[Records contained in a dataset]
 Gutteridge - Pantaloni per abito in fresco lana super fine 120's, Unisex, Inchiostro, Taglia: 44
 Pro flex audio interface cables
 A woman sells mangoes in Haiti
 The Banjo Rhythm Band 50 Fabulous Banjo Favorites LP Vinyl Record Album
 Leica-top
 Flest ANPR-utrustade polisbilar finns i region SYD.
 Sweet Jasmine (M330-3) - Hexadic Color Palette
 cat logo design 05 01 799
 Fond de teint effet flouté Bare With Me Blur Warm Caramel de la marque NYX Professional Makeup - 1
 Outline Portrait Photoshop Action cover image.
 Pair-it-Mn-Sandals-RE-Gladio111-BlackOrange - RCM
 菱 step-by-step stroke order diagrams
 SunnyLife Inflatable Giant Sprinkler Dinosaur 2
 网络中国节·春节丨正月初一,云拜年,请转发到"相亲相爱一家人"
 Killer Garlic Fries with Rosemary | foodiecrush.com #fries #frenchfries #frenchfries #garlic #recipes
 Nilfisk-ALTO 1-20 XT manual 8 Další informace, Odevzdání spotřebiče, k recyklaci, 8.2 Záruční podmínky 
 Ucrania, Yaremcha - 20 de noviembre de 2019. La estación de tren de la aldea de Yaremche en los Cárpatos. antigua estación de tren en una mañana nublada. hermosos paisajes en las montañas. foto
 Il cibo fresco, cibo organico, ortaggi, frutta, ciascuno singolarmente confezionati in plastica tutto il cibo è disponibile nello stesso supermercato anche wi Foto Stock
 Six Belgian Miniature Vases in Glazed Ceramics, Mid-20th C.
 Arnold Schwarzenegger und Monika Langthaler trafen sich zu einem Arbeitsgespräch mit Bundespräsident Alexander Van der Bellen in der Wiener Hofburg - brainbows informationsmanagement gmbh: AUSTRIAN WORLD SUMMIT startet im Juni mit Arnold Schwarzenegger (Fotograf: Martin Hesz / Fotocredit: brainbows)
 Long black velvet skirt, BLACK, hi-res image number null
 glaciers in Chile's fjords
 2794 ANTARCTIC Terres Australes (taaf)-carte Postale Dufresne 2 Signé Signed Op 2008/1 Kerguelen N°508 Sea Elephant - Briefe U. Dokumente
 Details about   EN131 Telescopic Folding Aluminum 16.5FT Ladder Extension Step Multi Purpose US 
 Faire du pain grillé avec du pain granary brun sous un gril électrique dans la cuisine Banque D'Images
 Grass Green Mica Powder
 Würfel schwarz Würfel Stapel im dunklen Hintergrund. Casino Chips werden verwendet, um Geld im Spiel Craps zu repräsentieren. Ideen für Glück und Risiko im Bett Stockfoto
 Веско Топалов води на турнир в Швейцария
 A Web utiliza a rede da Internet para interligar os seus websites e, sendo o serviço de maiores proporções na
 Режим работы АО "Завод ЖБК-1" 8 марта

**Exercise directions:** Stop after the line containing "cat logo design 05 01 799": print exactly the lines from the start of the entries above up to it, that line included.

**Answer:**
 Gutteridge - Pantaloni per abito in fresco lana super fine 120's, Unisex, Inchiostro, Taglia: 44
 Pro flex audio interface cables
 A woman sells mangoes in Haiti
 The Banjo Rhythm Band 50 Fabulous Banjo Favorites LP Vinyl Record Album
 Leica-top
 Flest ANPR-utrustade polisbilar finns i region SYD.
 Sweet Jasmine (M330-3) - Hexadic Color Palette
 cat logo design 05 01 799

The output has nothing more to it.